___ Recorded data ___
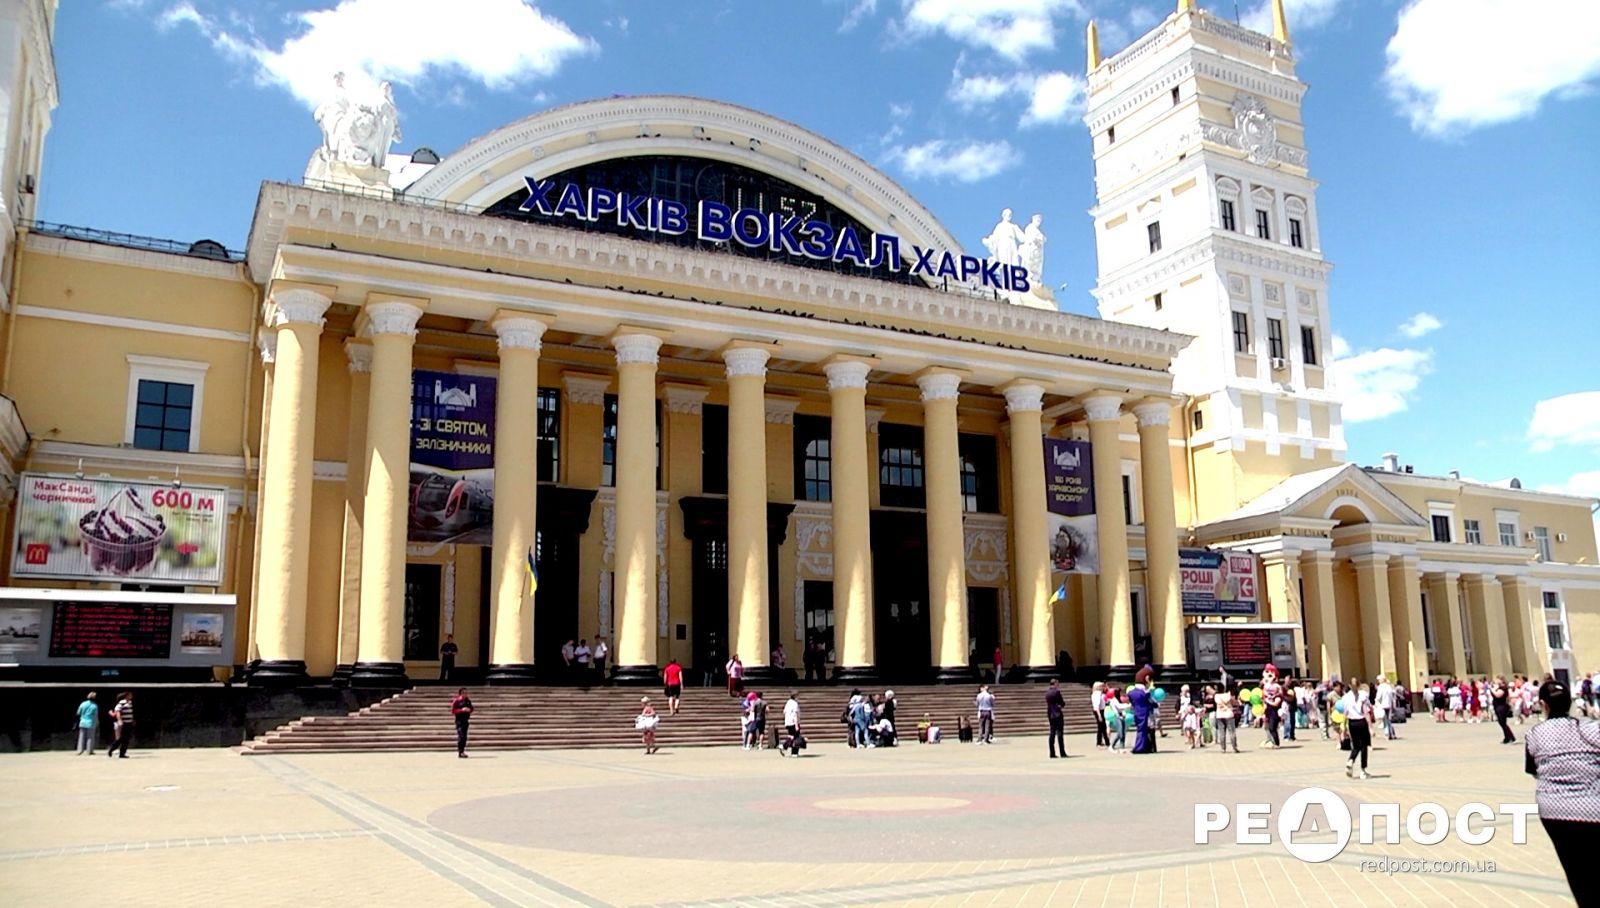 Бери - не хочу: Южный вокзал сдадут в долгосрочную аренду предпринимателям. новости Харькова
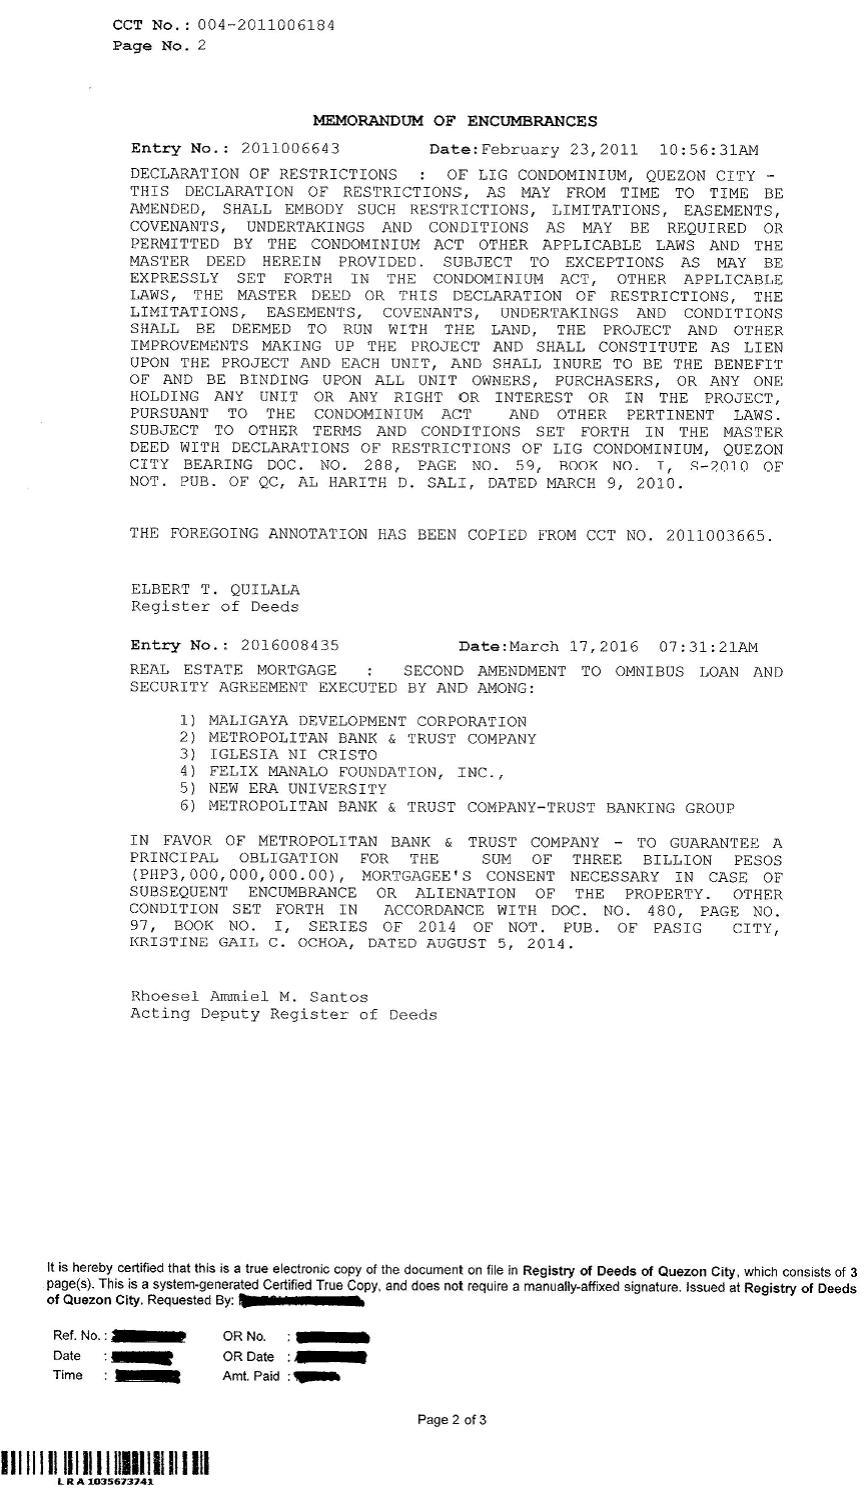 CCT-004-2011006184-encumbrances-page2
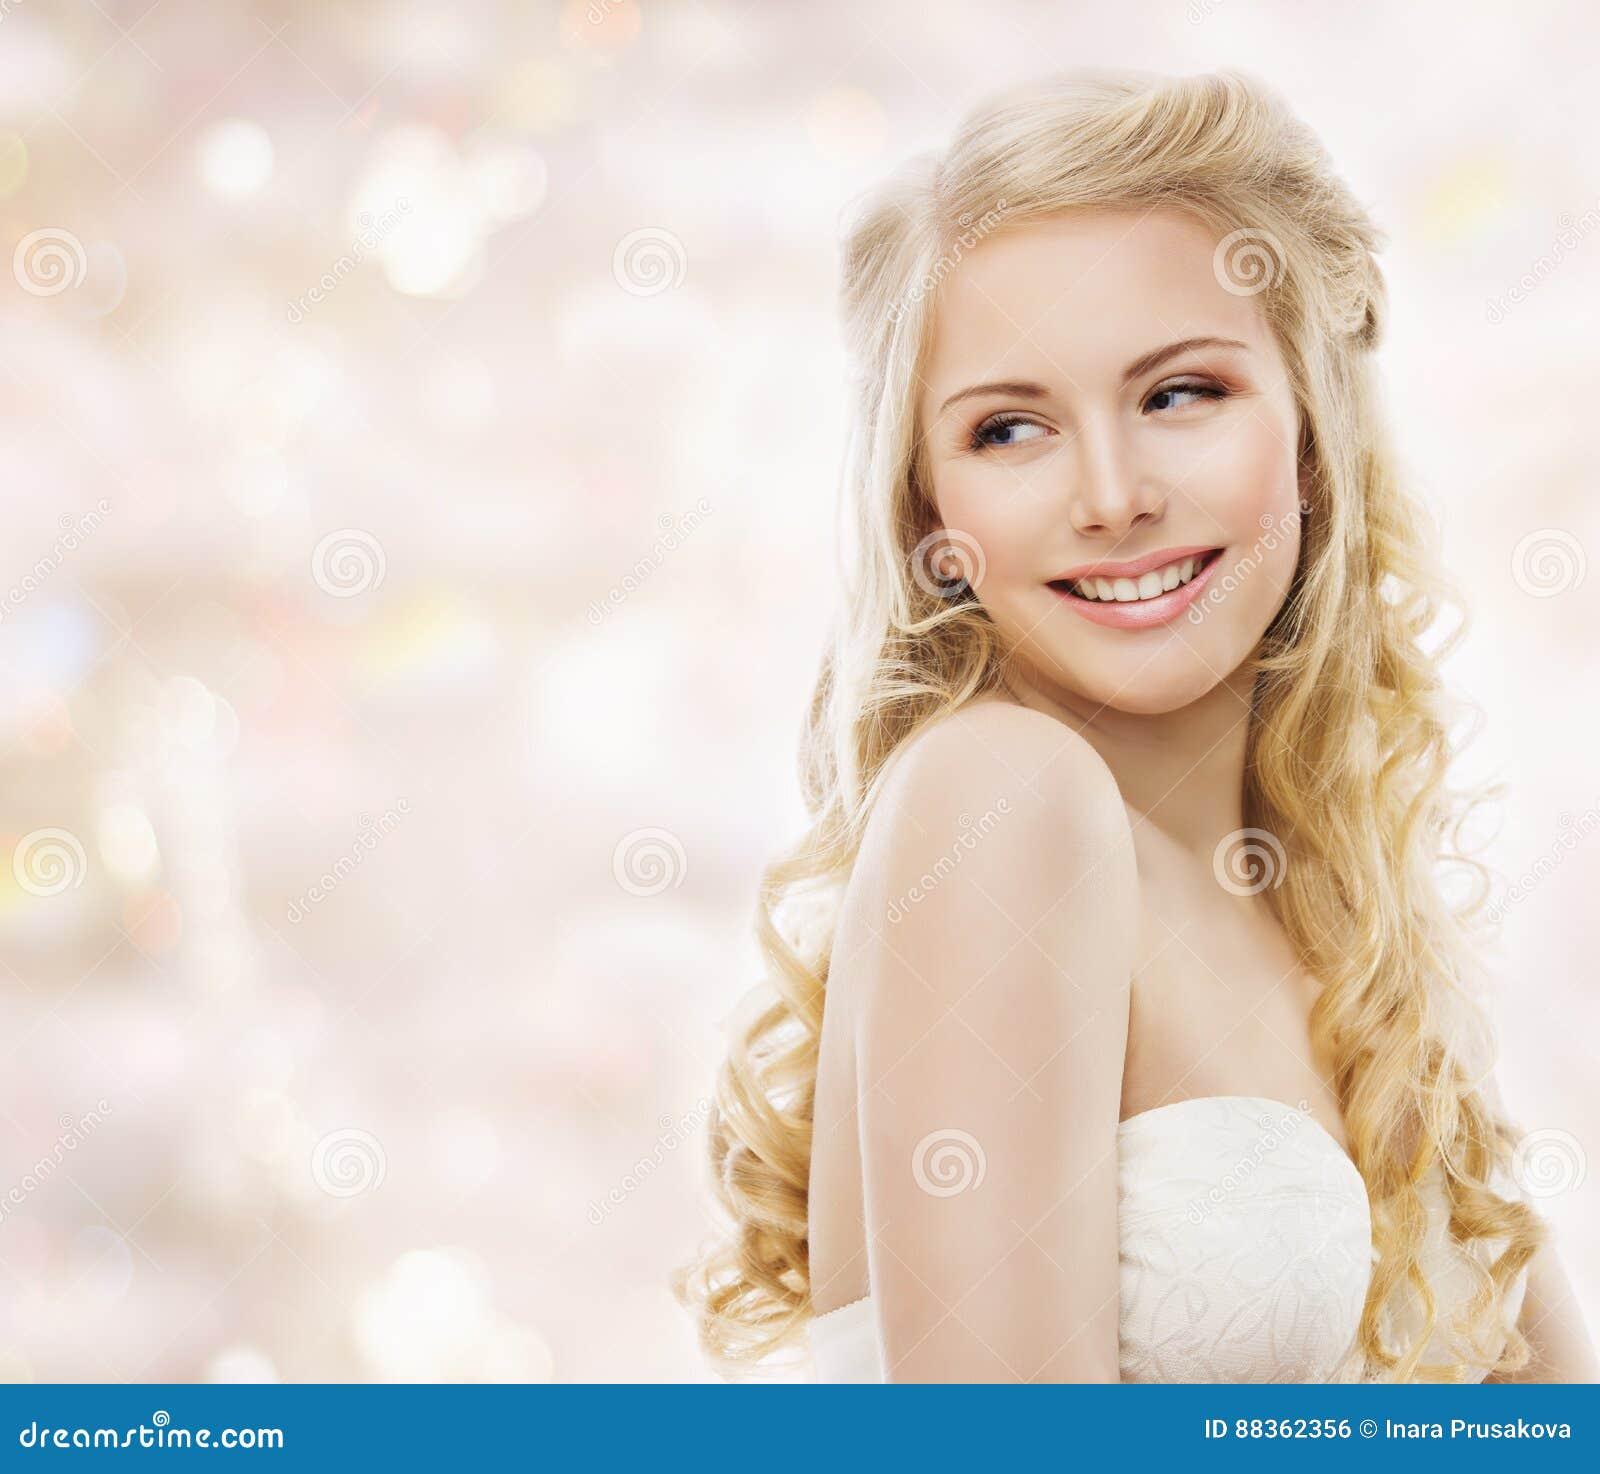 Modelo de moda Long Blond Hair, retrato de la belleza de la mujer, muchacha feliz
___
Work instructions: From the first line of the material to the last, retype everything exactly except the images.

Reply to the task:
 Бери - не хочу: Южный вокзал сдадут в долгосрочную аренду предпринимателям. новости Харькова
 CCT-004-2011006184-encumbrances-page2
 Modelo de moda Long Blond Hair, retrato de la belleza de la mujer, muchacha feliz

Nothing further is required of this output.